To evaluate expressions in Java, at first we used GroovyShell, but noticed abysmal performance. Based on this post, we retooled, and went with the Java Scripting engine (JSR 223) , and used LuaJava as the engine. It performed much more reasonably. Since Lua doesn’t have a regular expression parser, we fall back to using BeanShell when we need to do regex comparisons.
(Image courtesy of CajuScript on Google Code)
But, let’s go back. This became a problem that required a scripting engine when I realized I didn’t want to be building a nested expression based on the result set, one row at a time. I’d rather compile a query, fill in the appropriate values at run time and evaluate it.

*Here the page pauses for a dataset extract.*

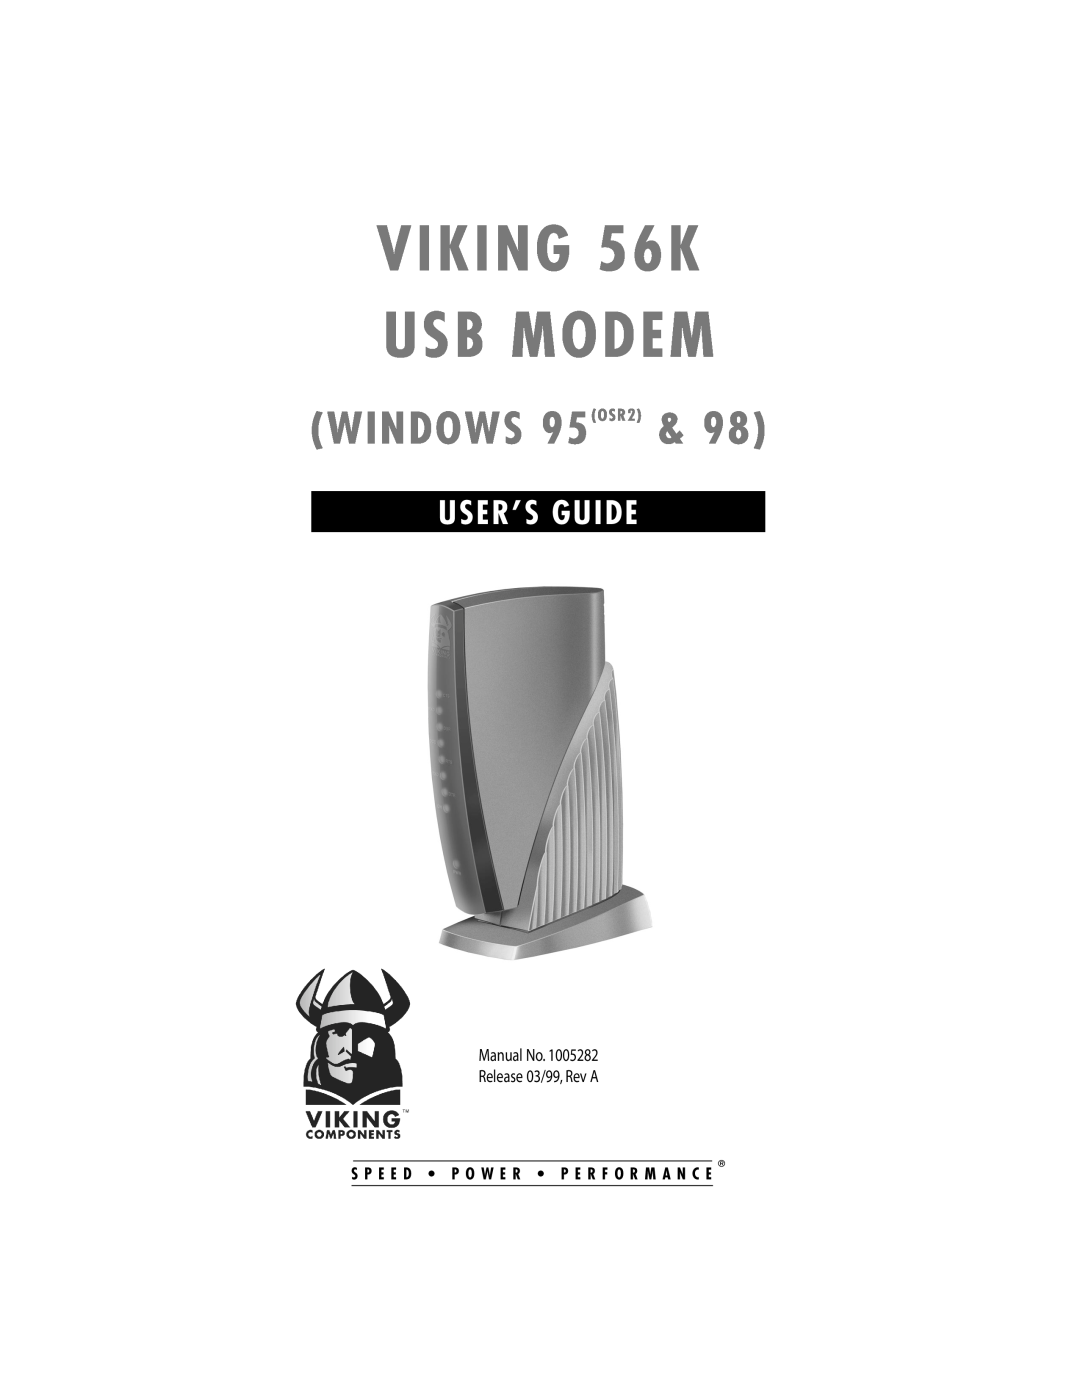 Viking InterWorks manual VIKING 56K USB MODEM, WINDOWS 95OSR2, User’S Guide, S P E E D P O W E R P E R F O R M A N C E

Again, here is the UI. This is what we need our engine to be able to model and act on:
Sidenote: I later heard about JSR-94 the Java Rules Engine spec, and implementations like Drools and JESS. I think our solution is better for our application, as we have build the front end with tools that our support team understands. The only part of those tools we’d use is the evaluator, which JSR-223 accomplishes.
Other Sidenote: The same guy who told me about JSR-94 also called said this engine is “hyper generic.” He’s a guy I respect, so there’s probably some merit to considering a rules engine where things are more static.
The Process
Getting back to our engine, the back end process is like this:
- A query executes to retrieve a result set with criteria and corresponding actions, and returns a set of DAOs
- An evaluator class, which does the actual JSR-223 stuff, is passed this set of DAO’s as well as a list of candidate objects to be evaluated
- Each object is evaluated against each set of criteria, and when the result is true, the actions associated with that criteria are applied.
Object Representation
So, think of the map as a triangle: at the base vertices, you have criteria and action groups. The top vertex is the record linking the criteria group to the action group. If the criteria evaluates to true, you execute the actions.
There is some complexity around the criteria grouping because of the nesting levels. I went with a tree that represented the data according to the adjacency list. The process of constructing the tree from the results set involves (as you’d imagine) lots of recursion, but it is much easier than the persistence issues involved in the PHP backend.
The code that deals with the actions will be based upon your application but we made use of reflection and tried to keep things simple but flexible. As performance isn’t an issue with actions nearly as much as criteria (the actions are only executed when the statement evaluates to true), reflections are worth the performance hit for us.
Code
This is the top of the “triangle”:
Since the criteria group can have nesting levels, we use a tree. For this to make sense, you need to see the criteria group table.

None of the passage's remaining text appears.